Mean time, my main email didn't disable, and I have this thread and am 
responding from there.


As to how everyone has their email clients / processors set up, that is 
something that they or their providers are responsible for, not the list.


A friend of mine hosts my domain on a system with the network presence 
for the domain on it, and has had it, and both DNS and the email service 
have failed completely a couple of times in the last 6 months.  Neither 
time caused a bounce or unsubscribe.  The list emails were held probably 
from ezwind when it could finally contact our domains again, and I then 
received several thousand emails (because I get all emails for my 
domains in one bucket, which I filter).


I am not an email expert (which is why I won't volunteer to do much 
here), but the failure mode which occurs when the sender or an 
intermediate relay holds the email apparently holds the emails for some 
period was probably triggered, rather than just an instant bounce.  Also 
he does maintain a second system on a different ISP for this system, but 
the failure took out both systems.


Myy last unsub was on Nov 8 on gmail, now Nov 23

thanks
Jim


Re: Membership disabled due to bounces

2016-11-24 Thread Richard Loken

On Thu, 24 Nov 2016, Graham Toal wrote:


Not so.  By doing nothing (ie NOT creating an SPF record for the sending
domain) you pretty much guarantee a lack of problems. (At least, these
specific problems).  It's the smart aleck admins who do create SPF records
etc who cause the problems, in conjunction with recipients that think these
records are worth paying attention to.  The irony is that SPF was invented
by the advertising industry to ensure that their so called 'legitimate'
bulk mail gets through; it does very little to stop actual spam and it
completely messes up mailing lists and people who use traditional SMTP mail
while travelling.  Sorry, I shouldn't start on SPF, it just drives me
crazy.  If you are a DNS admin, *please* don't fall for the SPF bullshit.
(For some reason Microsoft are totally enamored of it and twist their
clients' arms to enable it :-/ )


You are preaching to the choir.  Some of the first implementers of SPFs
were outfits that the rest of us would call spammers.  As for Micro$oft,
my employer trashed our Zimbra and PMDF servers and sent us over to
Office365 so now I spend my time babysitting Exchange in the cloud,
writing PowerShell scripts, and waiting a Micro$oft minute for things
to happen that used to be immediate.

And you are right, Micro$ofts loves SPFs but they do nothing at all to
expedite our mail through their servers.

And in honour of Micro$oft, SPFs, and my 21st century managers, I am
retiring in 29 days.

--
  Richard Loken VE6BSV, Systems Programmer - VMS   : "...underneath those
  Athabasca University : tuques we wear, our
  Athabasca, Alberta Canada: heads are naked!"
  ** rllo...@telus.net ** :- Arthur Black


Re: Membership disabled due to bounces

2016-11-24 Thread John H. Reinhardt



On 11/24/2016 12:20 PM, Eric Christopherson wrote:



What's a bounce score, and how do you know what yours is and what the
limit is? Does classiccmp specify 5.0, or Yahoo, or what?

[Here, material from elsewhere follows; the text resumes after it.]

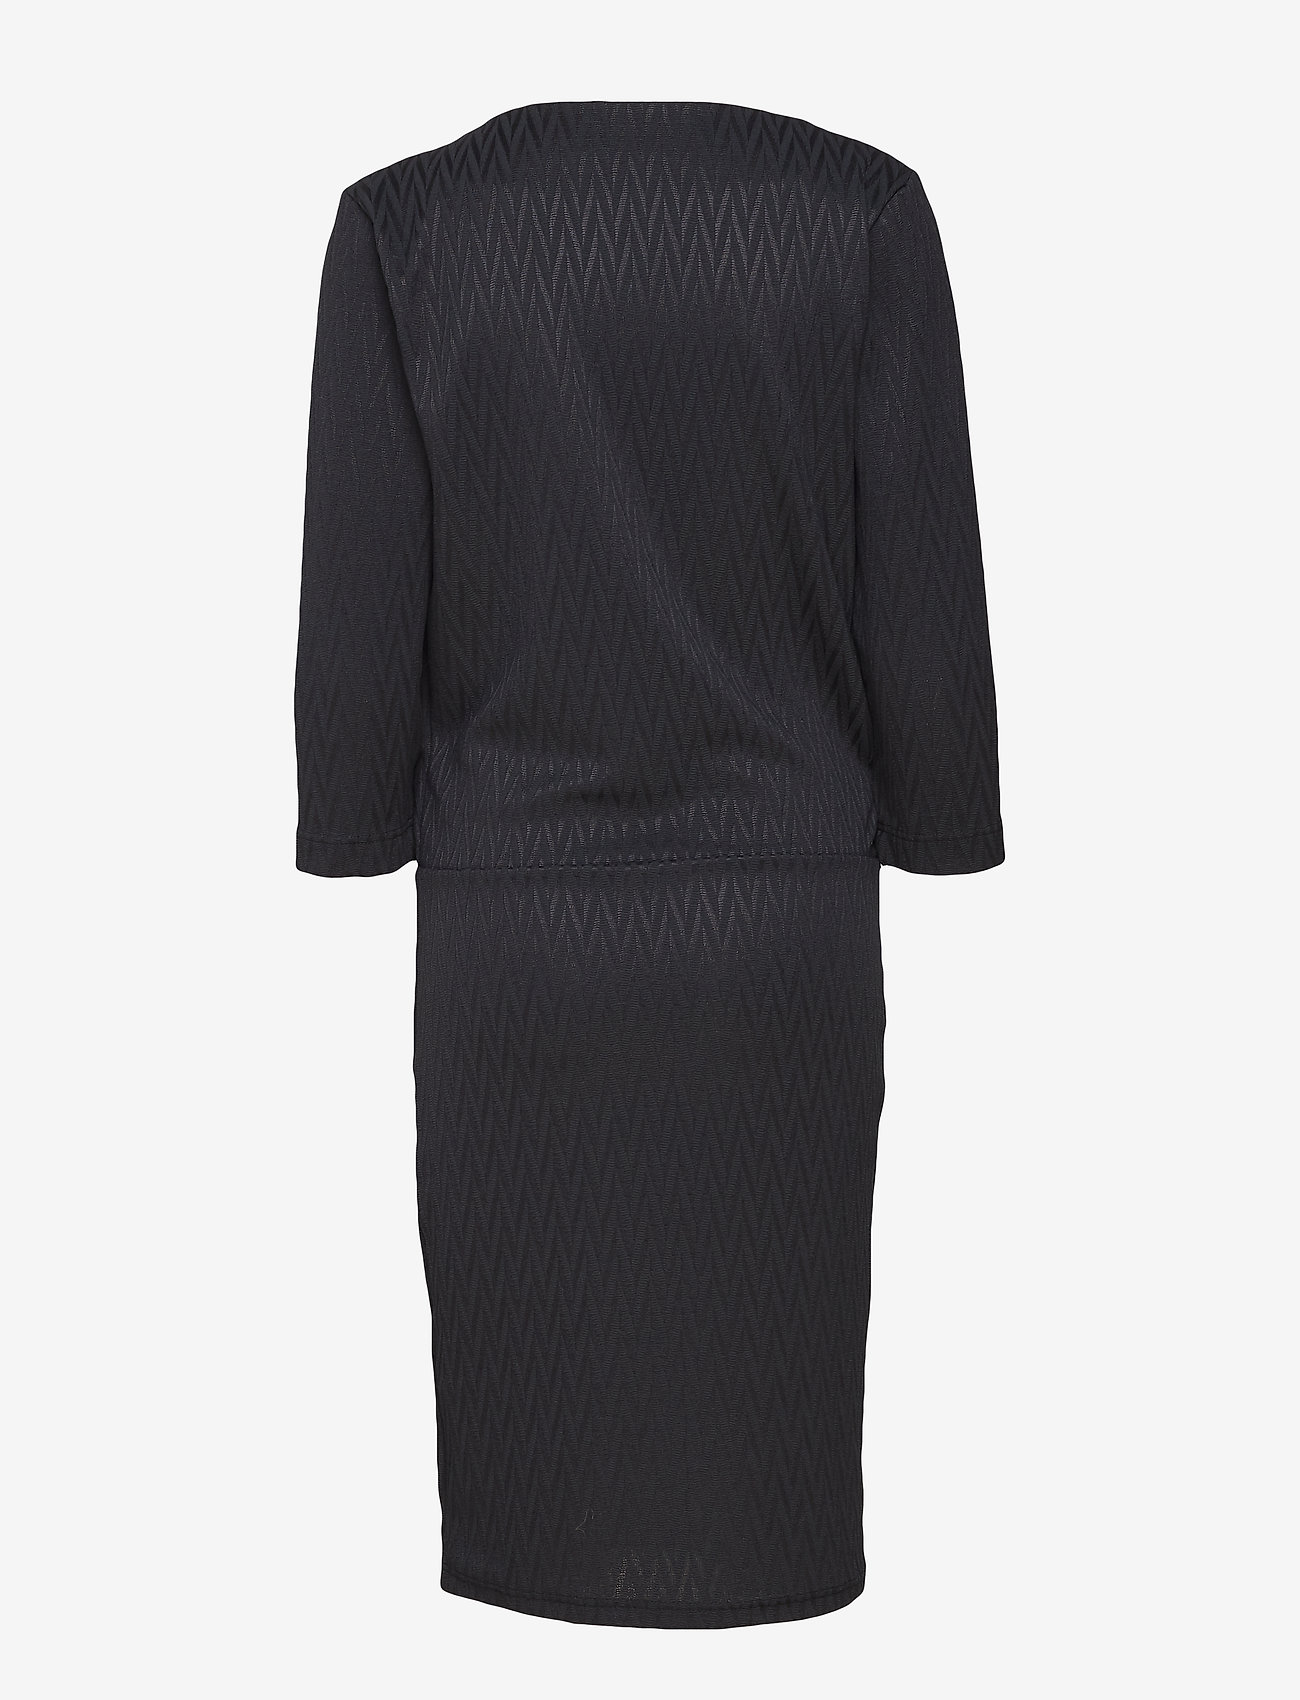 Minus - Delia dress - midi dresses - black

When you get the message saying you have been disabled, it contains two links.  One is 
the link to re-enable your subscription, the other is a link to your member page at 
classiccmp.org. There is also your account password.  If you log into that page it tells 
your your current "Bounce Score".

John H. Reinhardt



Re: Membership disabled due to bounces

2016-11-24 Thread Eric Christopherson
On Nov 23, 2016 11:05 PM, "John H. Reinhardt" 
wrote:
>
>
> On 11/23/2016 8:00 PM, Eric Christopherson wrote:
>>
>> On Wed, Nov 23, 2016, Michael Brutman wrote:
>>>
>>> Gmail routinely marks these emails as spam.  And Gmail clearly says: "
It
>>> has a from address in aol.com but has failed aol.com's required tests
for
>>> authentication."
>>>
>>> Digging deeper into the header one finds:
>>>
>>> "Received-SPF: pass (google.com: best guess record for domain of
>>> cctalk-boun...@classiccmp.org designates 199.188.211.196 as permitted
>>> sender) client-ip=199.188.211.196;
>>> Authentication-Results: mx.google.com;
>>>dkim=neutral (body hash did not verify) header.i=@mx.aol.com;
>>>spf=pass (google.com: best guess record for domain of
>>> cctalk-boun...@classiccmp.org designates 199.188.211.196 as permitted
>>> sender) smtp.mailfrom=cctalk-boun...@classiccmp.org;
>>>dmarc=fail (p=REJECT dis=NONE) header.from=aol.com"
>>>
>>>
>>> I'm no expert on dmarc, but that looks to be the source of the pain.
>>
>>
>> Do we have any evidence that his messages are affecting the rest of us,
>> though?
>>
>
> I get disabled regularly. My address is at Yahoo.  Currently I'm sitting
at 2.0 out of 5.0 for my bounce score.

What's a bounce score, and how do you know what yours is and what the limit
is? Does classiccmp specify 5.0, or Yahoo, or what?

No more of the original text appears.